5 Benefits of an API-driven Approach in Microservices Architecture

A highway interchange from overhead

Amir Moradabadi
Amir Moradabadi

October 31, 2023

Microservices architecture is a common approach to building complex software applications, wherein the full system is broken down into a set of small, independent, and loosely coupled services that work together like a team in order to deliver business value. Each service focuses on performing a specific business task, and communicates with other services through lightweight APIs or messaging systems.

Building scalable and reliable systems with a microservices architecture is a smart approach, but it’s not without challenges. One challenge is managing the large number of APIs that accumulate as the system grows. Each service exposes its own API, which often needs to be consumed by other services. This might lead to a number of problems, including duplication of code, inconsistencies between schemas, poor API documentation, and other miscommunications.

As a way to mitigate these effects is by taking an API-driven approach and using automation tools.

What Is an API-driven Approach?

The API-driven strategy emphasizes the use of APIs as the primary channel of communication between microservices by thinking, defining, and standardizing the API definition first. In this approach, the whole system could be designed without thinking about the implementation, simply by adding an abstract layer. Automation tools help reduce the potential for user error to enter such a critical and complex layer.

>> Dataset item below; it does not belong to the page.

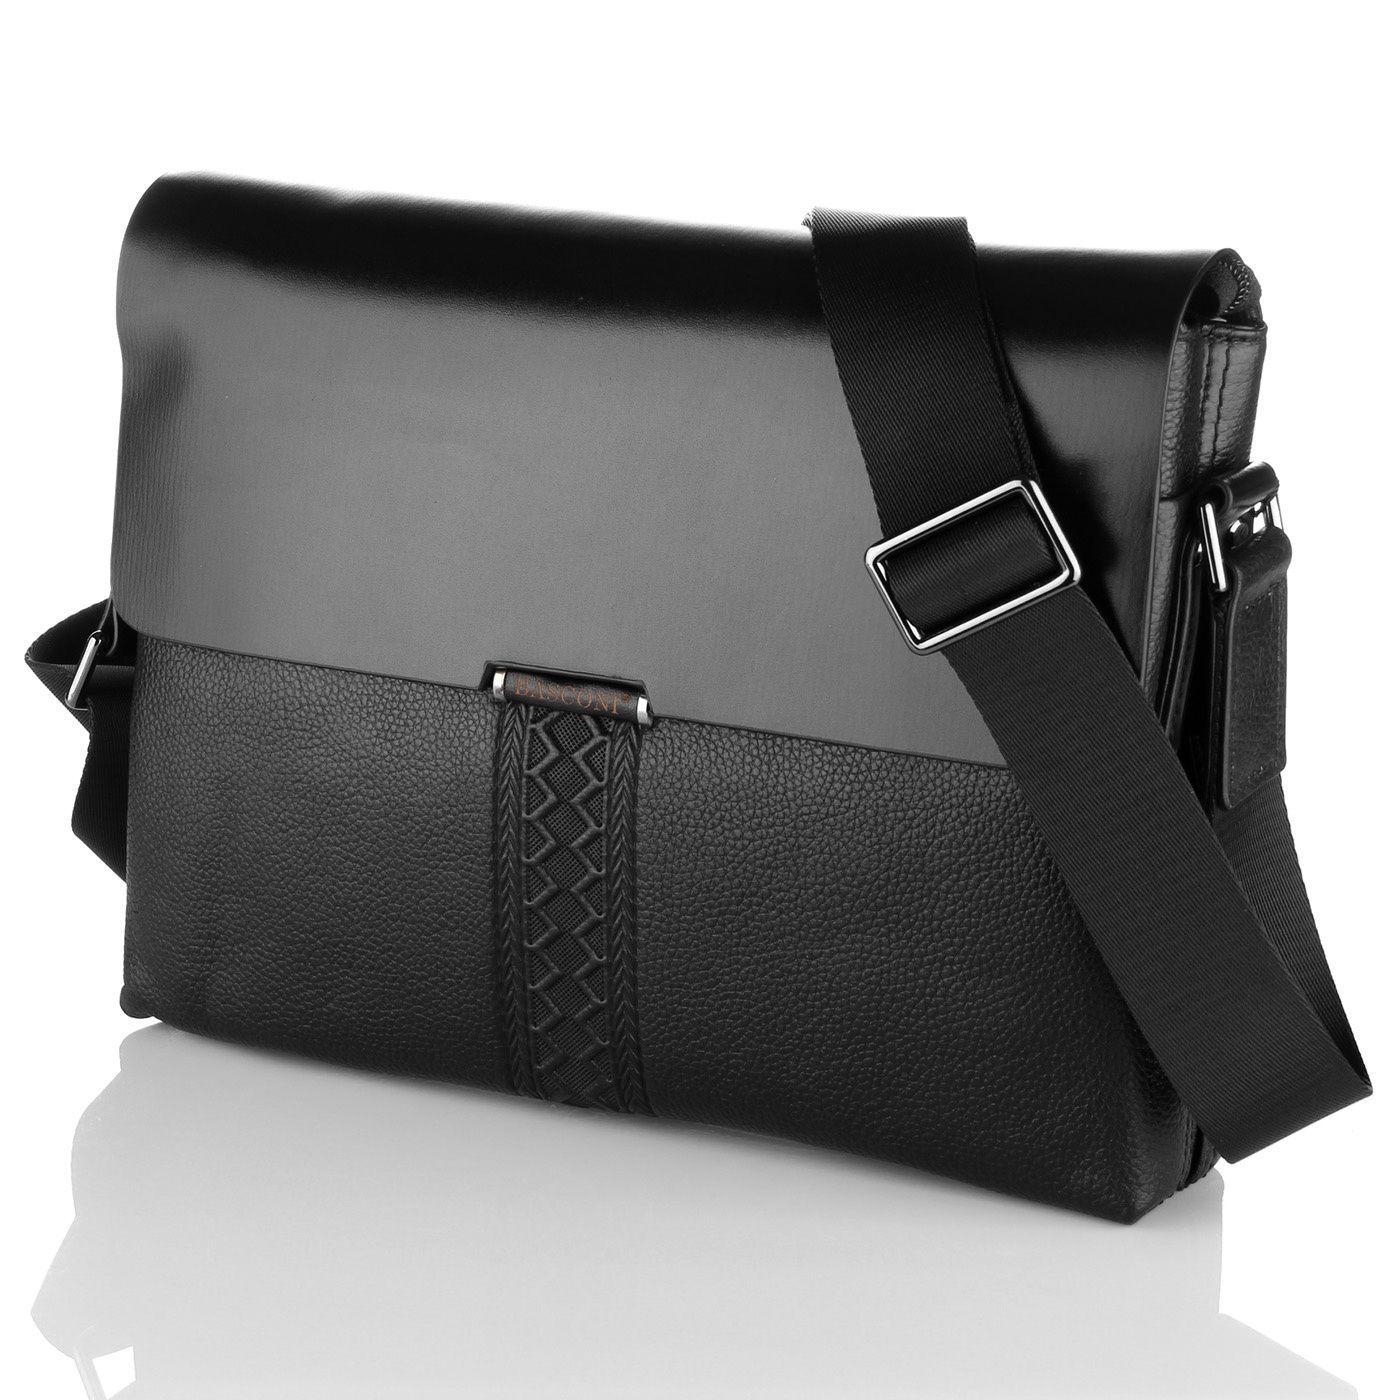 Практичная кожаная мужская сумка

Benefits of an API-driven Approach

The API-driven approach offers many benefits, which create a more reliable system,and a more predictable development experience.

1. Reduces Duplication

Each API needs to be consumed by other services. Using automation tools and generated code reduces the duplication, and makes sure that every service that is consuming the API is using exactly the same implementation, HTTP library, and error handlings as others. By taking this approach, not only is the API implementation standardized, it also ensures that the client usages are the same. You decide on a library that works best for your design and use it across the entire system.

2. Simplifies Validation

Large organizations often institute strict naming conventions and rules for their services. Taking this approach makes validation easier within pipelines. You can read more about API naming convention from Google.

Also, you can enjoy some basic validation for the user inputs for free. For example, in your specification, you define a parameter as required and the user is forced to provide a value.

3. Creates Built-in Documentation

Consuming an API requires some amount of knowledge about the API’s path, parameters, request body and response, authentication, and more. This information is traditionally stored in API documentation, but keeping documentation updated over a long time poses a challenge, and might be forgotten during the development process.

With an API-driven approach, teams are forced to think and design the API's information before implementing it. Whenever you update something in the specification, the changes are automatically applied to your documentation, meaning you can’t miss a newly added parameter or a change in the status codes.

4. Avoids Inconsistency

In most cases, models are used when implementing the API request or response body. When consuming APIs, each service creates its own version of the API models, which might result in inconsistencies between server output and the client version.

Imagine that, when services get updated, they introduce or update new fields. All services need to update their own models to use the updated version. This process is complicated.

Using an API-driven approach, clients of your API don’t need to create their own version of models. They simply use the generated version, which mirrors the server’s version. If an API changes or updates to a new version, you simply need to update the library that exposes the new API and use the new method generated for you with the latest model.

5. Implements Automated Tests

Automatically generating tests from specification comes with several benefits that enhances efficiency, accuracy, and maintainability of the API development process. It saves time, makes sure that the contract specified in the design is tested accurately, and improves test coverage. Automated testing tools provide confidence that APIs and models are working as expected.

Conclusion

In conclusion, API-driven development is essential in microservices architecture, especially for efficiency and consistency. It simplifies the complexities of service integrations and reduces code redundancy. Through automated testing and built-in documentation, it ensures that each microservice is reliable and well-documented, promoting a strong and flexible micro-services system. In another article, I explained how to follow the API-Driven approach.